From these expressions we have

$$J(a,b,T_1,\left\{x_k\right\})=\frac{1}{a^2{b}^2}\frac{{\sum }_{k=1}^K{\sum }_{l=1}^K{\gamma }_l({\gamma }_l-{\gamma }_k)}{{\sum }_{j=l}^K{\sum }_{k=1}^K{\sum }_{l=1}^K\left\{{\gamma }_k^2{\gamma }_l^2{\beta }_l({\beta }_l-{\beta }_k)+{\gamma }_j{\gamma }_k{\gamma }_l{\beta }_l({\gamma }_k{\beta }_k-{\gamma }_l{\beta }_l)+{\gamma }_j{\gamma }_k{\gamma }_l{\beta }_j{\beta }_l({\gamma }_l-{\gamma }_k)\right\}}.$$ [A5]

Since γ_k and β_k are functions of {x_k} and T₁ only, this shows $J(a,b,T_1,\left\{x_k\right\})$ is inversely proportional to a²b². In particular,

$$J(a,b,T_1,\left\{x_k\right\})=\frac{1}{a^2{b}^2}J(1,1,T_1,\left\{x_k\right\}).$$ [A6]

Appendix B

Two additional numerical simulations of theoretical interest were performed. First, for the T₁ value of 1250 ms with K = 11, T_max was set to 1300 ms, which is higher than the trigger delay time, and the optimization procedure was repeated. Second, to compare the effects of increasing SNR versus increasing K under the assumption that any sampling point can be selected multiple times, we simulated the sequence with K = 5 and K = 10 for T₁ values of interest varying from 950 to 1250 ms, allowing for multiple sampling of all points, including the point at infinity.

For the set of experiments, where T_max = 1300 ms, the proposed selection of points yielded (140, 140, 140, 1060, 1060, 1060, 1060, 1060, 1060, 1060, ∞), whereas the uniform distribution resulted in (140, 269, 398, 527, 656, 785, 914, 1043, 1172, 1300, ∞). These lead to CRB_prec of 77.2 ms vs. 89.1 ms respectively (13.4% reduction). The distribution of points using the proposed method shows the trend of the optimization procedure to select 1 point at ∞, 3 points at T_min, and the remaining 7 points at 1060 ms.

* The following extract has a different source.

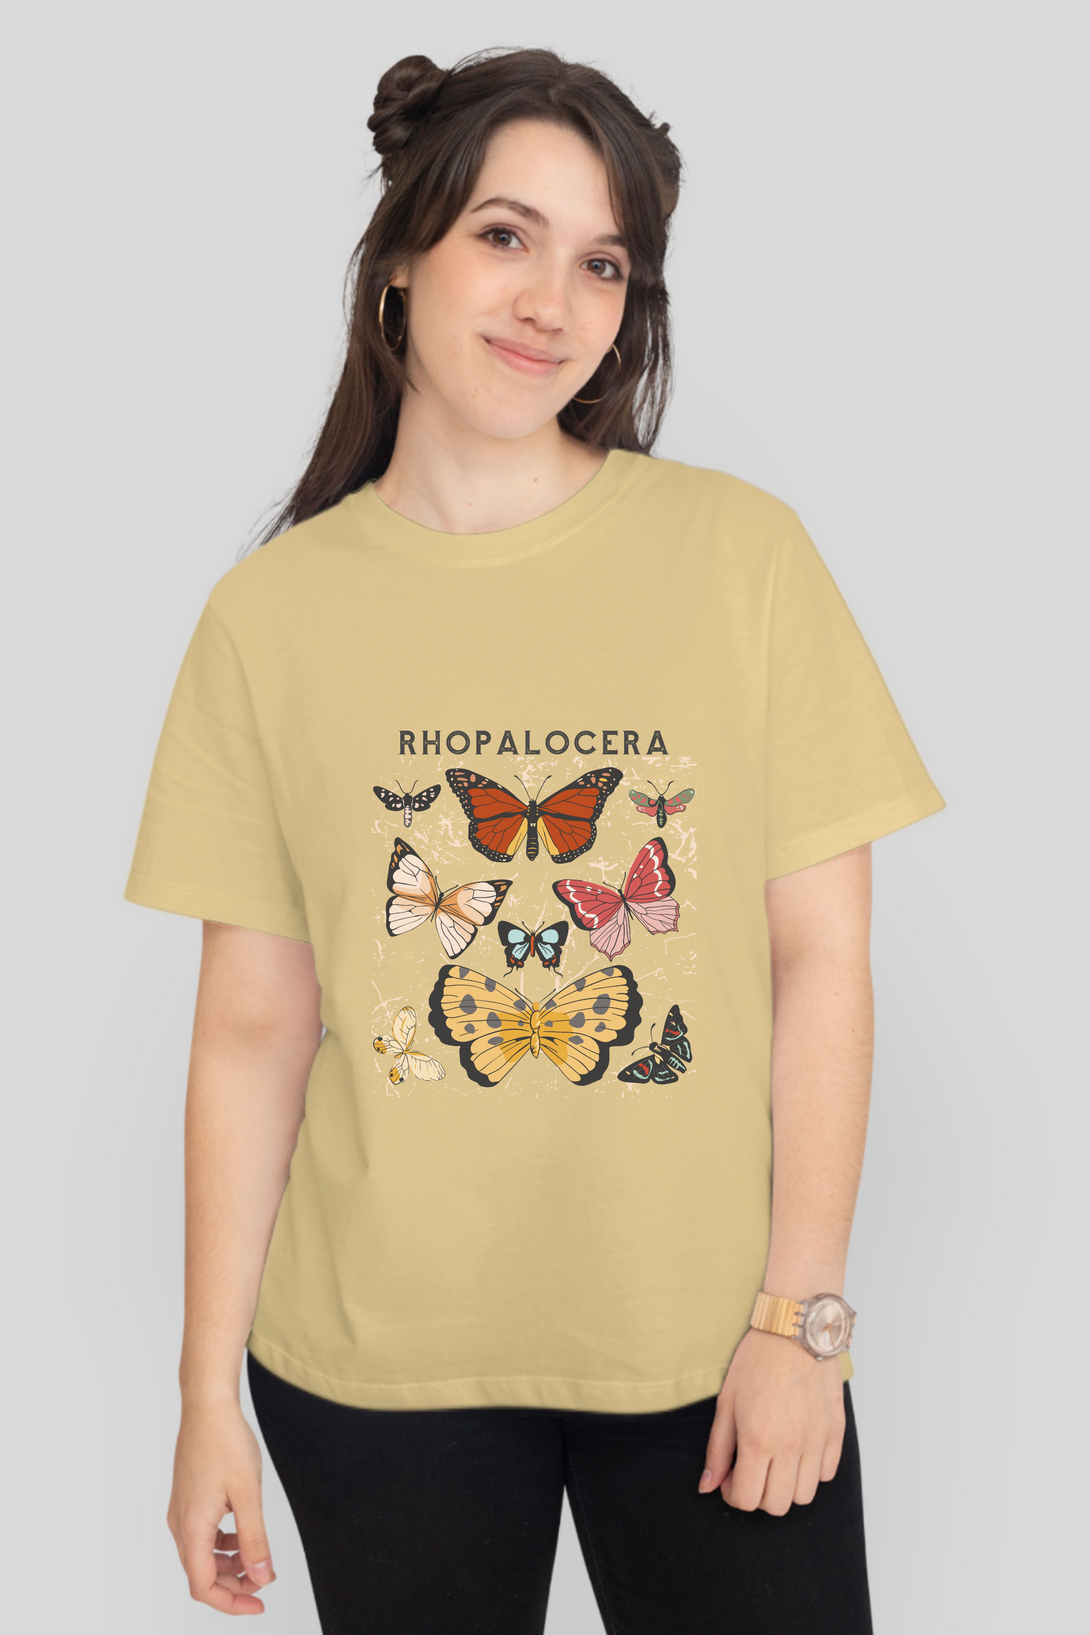 Rhopalocera Printed T-Shirt For Women - WowWaves - 10

For the second set of experiments, where any sampling point can be selected multiple times, the optimization for the sequence with K = 5 yielded (140, 1265, 1265, ∞, ∞) for a CRB_prec of 86.7 ms, whereas K = 10 yielded (140, 140, 1220, 1220, 1220, 1220, 1220, ∞, ∞, ∞) for a CRB_prec of 60.1 ms. We note that the point selection still favors choosing points in a concentrated region, favoring multiplicities of the points with higher signal content. It is also worth noting that going from 5 to 10 points yields an improvement of 31% in the variance, which is better than acquiring the K = 5 points twice for double the SNR (29%), although the difference is not large.